Optimizing growing conditions and, thereby, plant growth reduces the susceptibility of plants to many disease and insect pest problems. Educating lawn or landscape management professionals and homeowners about plant health management reduces the need for chemical intervention. Pesticides combined with N and P fertilizers contribute to water pollution problems in urban areas; thus, it is important to manage the amount, timing, and placement of chemicals and fertilizers. To educate consumers applying pesticides and fertilizers in residential gardens, we must educate the sales representatives and others who interact most closely with consumers. Evidence suggests that knowledge about the effects of chemicals is limited and that warning labels are not read or are ignored. Integrated pest management (IPM) offers alternatives to conventional chemical treatments, but such methods are not used commonly because of their relatively high cost and their uncertain impact on pests. Pest detection methods and using pest-resistant plants in landscapes are simple and, in many cases, readily available approaches to reducing the dependence on chemical use. Research on effective, low-cost IPM methods is essential if chemical use in landscape management is to decrease. Current impediments to reducing the pollution potential of chemicals used in the landscape include the limited number of easily implemented, reliable, and cost-effective alternative pest control methods; underfunding of research on development of alternative pest control measures; limited knowledge of commercial operators, chemical and nursery sales representatives, landscape architects, and the general public concerning available alternatives; reluctance of the nursery industry to produce, and of the landscape architects to specify the use of, pest-resistant plant materials; lack of economic or regulatory incentive for professionals to implement alternatives; inadequate funding for education on the benefits of decreased chemical use; and the necessity of changing consumer definition of unacceptable plant damage. We need to teach homeowners and professionals how to manage irrigation to optimize plant growth; use sound IPM practices for reducing disease, weed, and insect problems; and minimize pollution hazards from fertilizers and pesticides.

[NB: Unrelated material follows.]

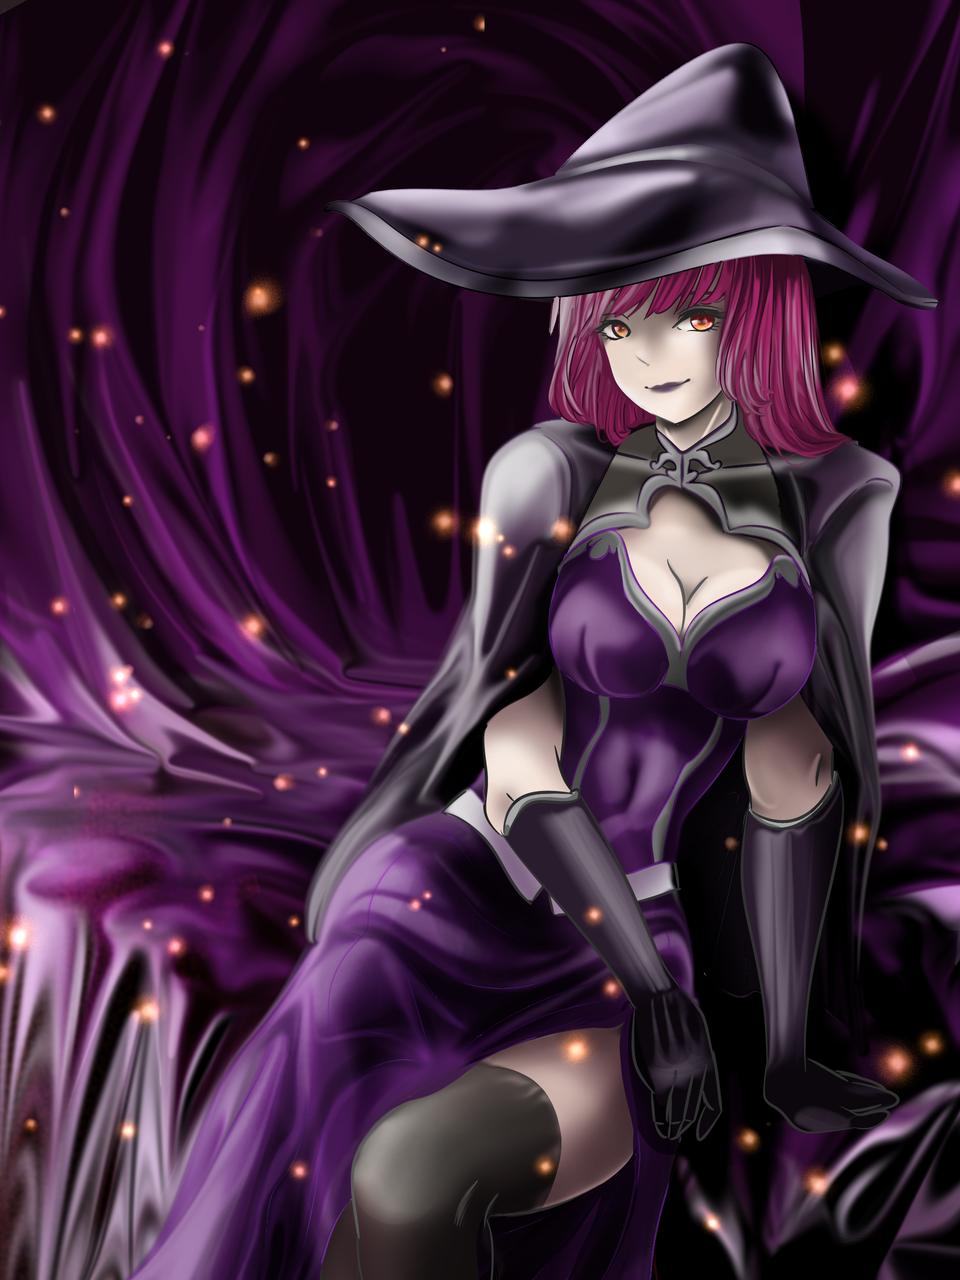 Halloween witch Illust of Akira Luca Oct.2019Contest

Pesticides have been the primary method of pest control for years, and growers depend on them to control insect and disease-causing pests effectively and economically. However, opportunities for reducing the potential pollution arising from the use of pesticides and fertilizers in environmental horticulture are excellent. Greenhouse, nursery, and sod producers are using many of the scouting and cultural practices recommended for reducing the outbreak potential and severity of disease and insect problems. Growers are receptive to alternatives to conventional pesticides, and many already use biorational insecticides. Future research should focus on increasing the effectiveness and availability of these alternatives. Optimizing growing conditions, and thereby plant health, reduces the susceptibility of plants to many disease and insect pest problems. Impediments to reducing the use of conventional pesticides and fertilizers in the environmental horticulture industry include 1) lack of easily implemented, reliable, and cost-effective alternative pest control methods; 2) inadequate funding for research to develop alternatives; 3) lack of sufficient educational or resource information for users on the availability of alternatives; 4) insufficient funding for educating users on implementing alternatives; 5) lack of economic or regulatory incentive for growers to implement alternatives; and 6) limited consumer acceptance of aesthetic damage to plants. Research and broadly defined educational efforts will help alleviate these impediments to reducing potential pollution by the environmental horticulture industry.